Source code for SocialED.detector.word2vec

import argparse
import os
import pandas as pd
import numpy as np
from gensim.models import Word2Vec
from sklearn.model_selection import train_test_split
from sklearn import metrics
import logging
from sklearn.cluster import KMeans
import sys
sys.path.append(os.path.dirname(os.path.dirname(os.path.abspath(__file__))))
from dataset.dataloader import DatasetLoader
# Setup logging
# logging.basicConfig(format='%(asctime)s : %(levelname)s : %(message)s', level=logging.INFO)


[docs]class WORD2VEC:
    r"""The Word2Vec model for social event detection that uses word embeddings 
    to detect events in social media data.

    .. note::
        This detector uses word embeddings to identify semantic relationships
        and detect events in social media data. The model requires a dataset
        object with a load_data() method.

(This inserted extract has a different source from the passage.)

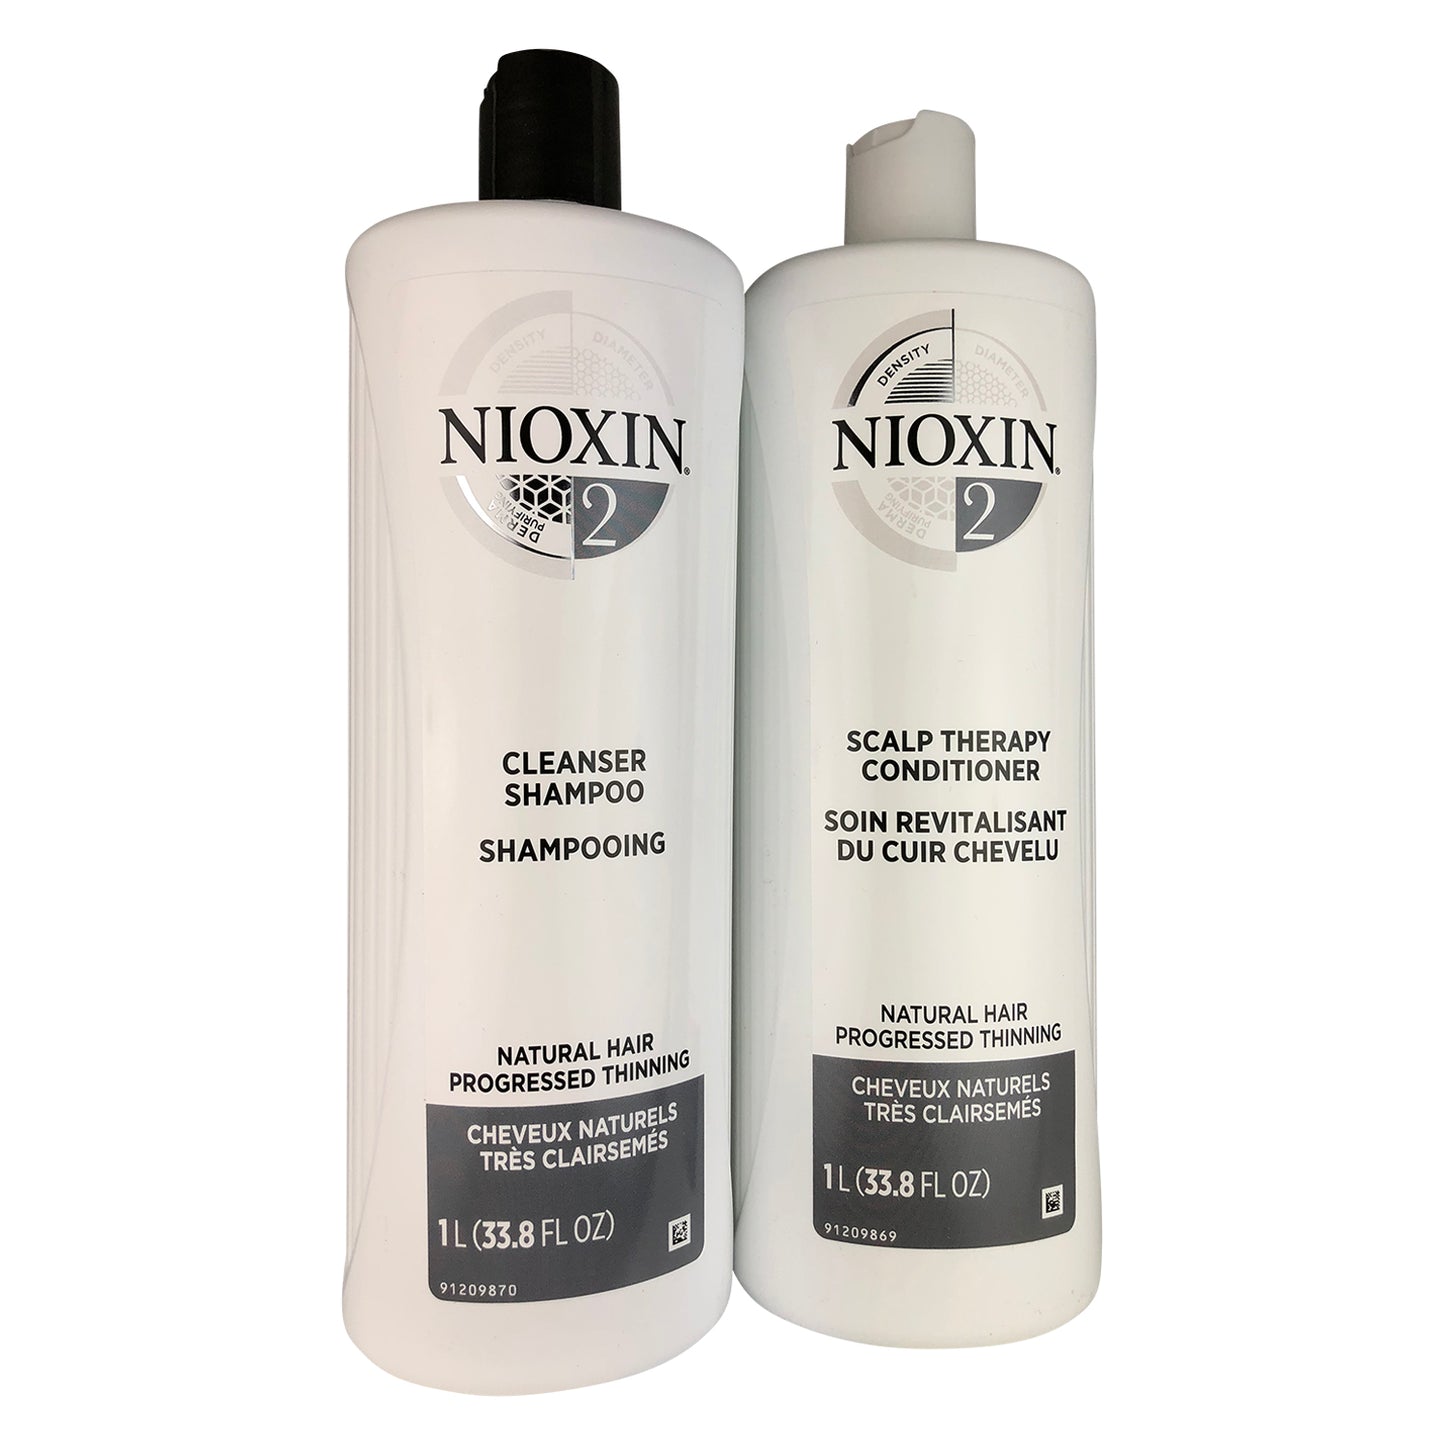 Nioxin System 2 Duo (Cleanser Shampoo and Scalp Therapy Conditioner)

    See :cite:`mikolov2013efficient` for details.

    Parameters
    ----------
    dataset : object
        The dataset object containing social media data.
        Must provide load_data() method that returns the raw data.
    vector_size : int, optional
        Dimensionality of word vectors. Default: ``100``.
    window : int, optional
        Maximum distance between current and predicted word. Default: ``5``.
    min_count : int, optional
        Minimum word frequency. Default: ``1``.
    sg : int, optional
        Training algorithm: Skip-gram (1) or CBOW (0). Default: ``1``.
    file_path : str, optional
        Path to save model files. Default: ``'../model/model_saved/Word2vec/word2vec_model.model'``.
    """
    def __init__(self,
                 dataset,
                 vector_size=100, 
                 window=5,
                 min_count=1,
                 sg=1,
                 file_path='../model/model_saved/Word2vec/word2vec_model.model'):

        self.dataset = dataset.load_data()
        self.vector_size = vector_size
        self.window = window
        self.min_count = min_count
        self.sg = sg
        self.file_path = file_path
        self.df = None
        self.train_df = None
        self.test_df = None
        self.word2vec_model = None

[docs]    def preprocess(self):
        """
        Data preprocessing: tokenization, stop words removal, etc.
        """
        df = self.dataset[['filtered_words', 'event_id']].copy()
        df['processed_text'] = df['filtered_words'].apply(
            lambda x: [str(word).lower() for word in x] if isinstance(x, list) else [])
        self.df = df
        return df

[docs]    def fit(self):
        """
        Train the Word2Vec model and save it to a file.
        """
        # Ensure the directory exists
        os.makedirs(os.path.dirname(self.file_path), exist_ok=True)

        train_df, test_df = train_test_split(self.df, test_size=0.2, random_state=42)
        self.train_df = train_df
        self.test_df = test_df

        sentences = train_df['processed_text'].tolist()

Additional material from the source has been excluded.